Directions:
Copy nothing before the line that contains "Gandossini Tiziano e"; from there, transcribe each line exactly through the end of the material, omitting pictures.

Dataset excerpt:
"""
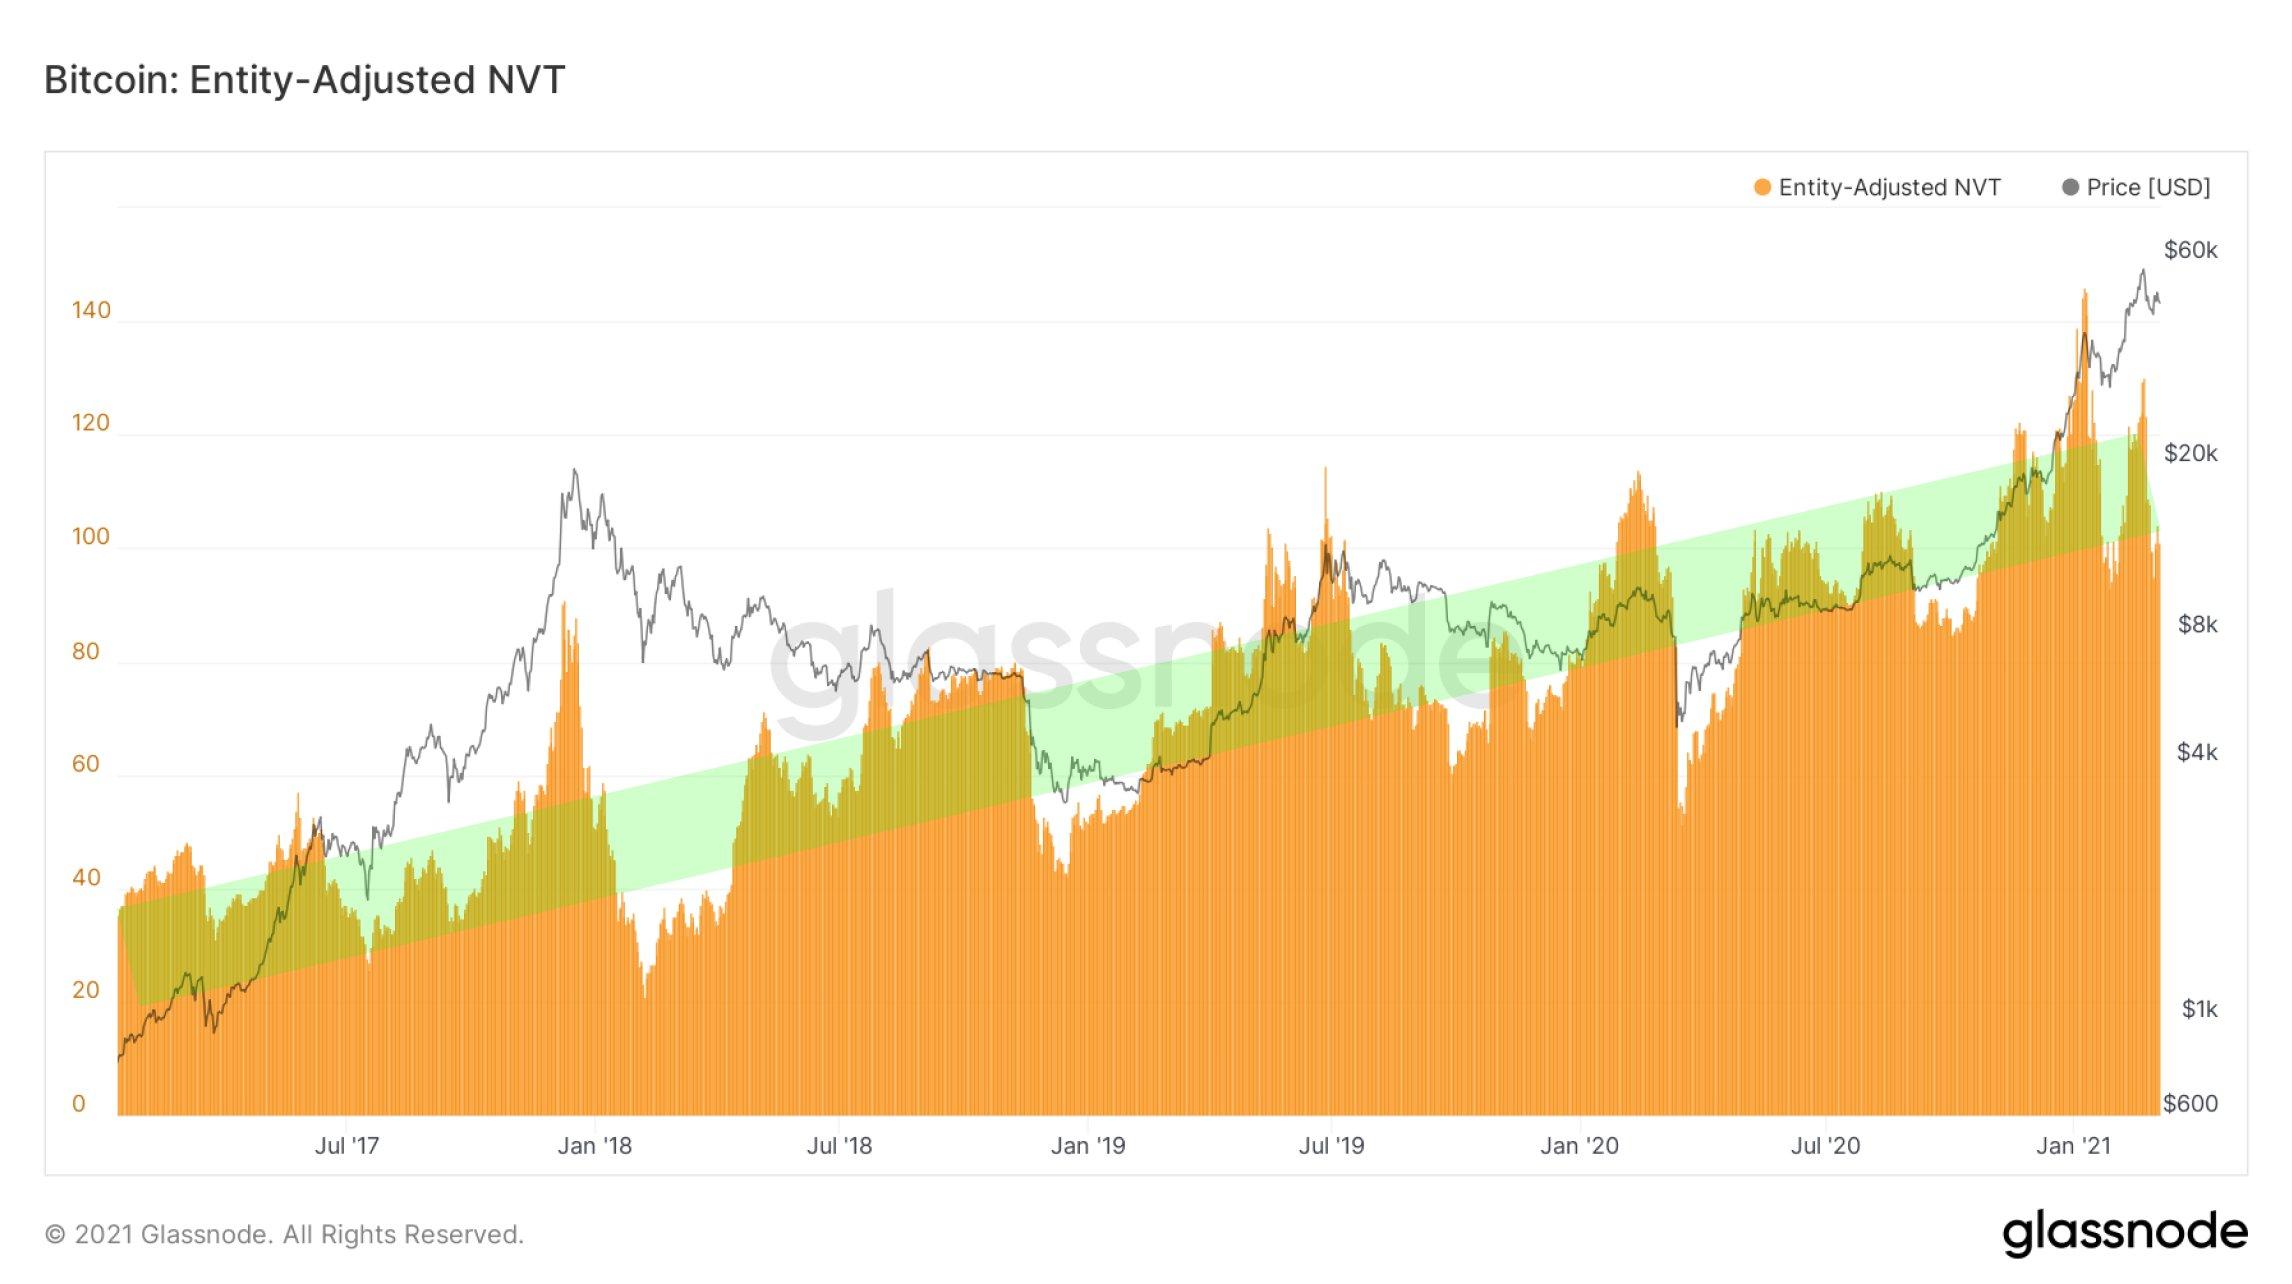 Grafico dell'entity-adjusted NVT di Bitcoin
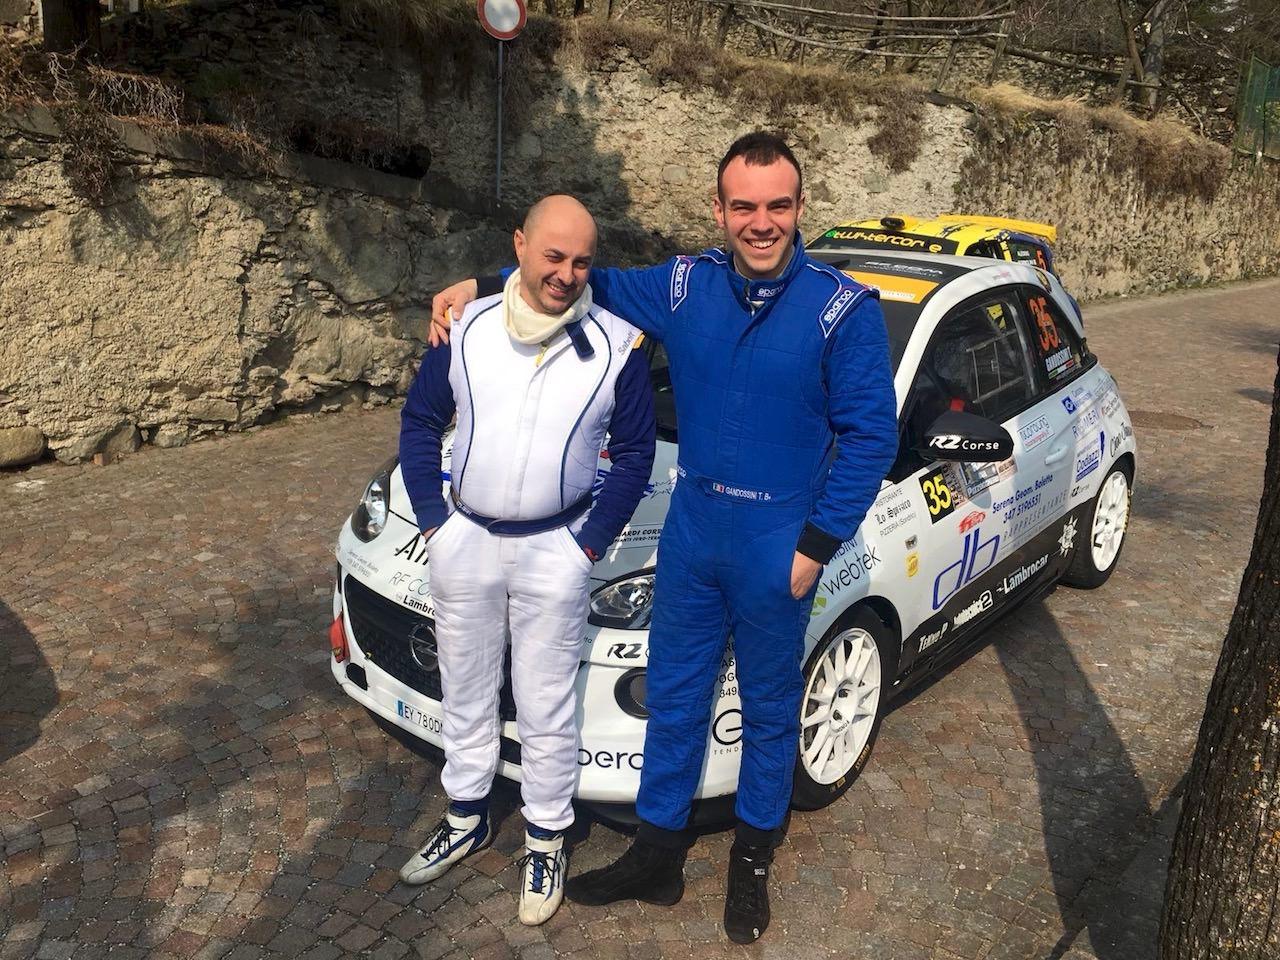 Gandossini Tiziano e Mostacchi Nico conquistano la 1ª posizione di classe e il 9° posto assoluto al 1° Rally del Pizzocchero
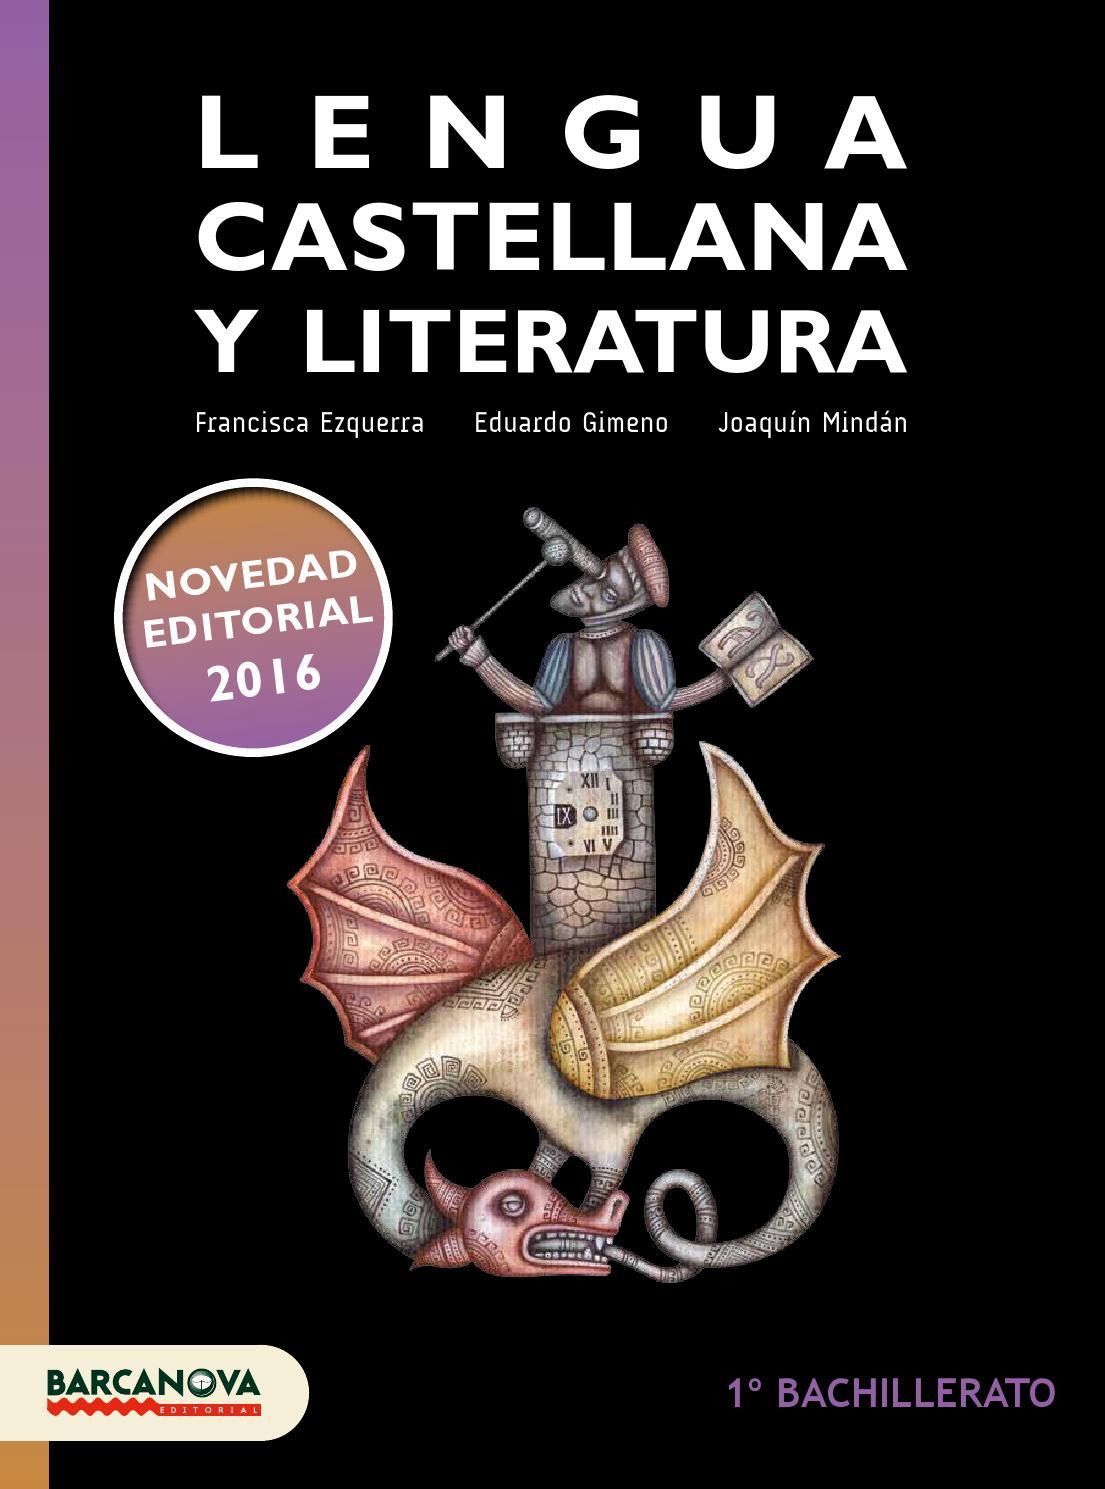 LENGUA CASTELLANA Y LITERATURA. 1º Bachillerato by
"""
Your solution:
 Gandossini Tiziano e Mostacchi Nico conquistano la 1ª posizione di classe e il 9° posto assoluto al 1° Rally del Pizzocchero
 LENGUA CASTELLANA Y LITERATURA. 1º Bachillerato by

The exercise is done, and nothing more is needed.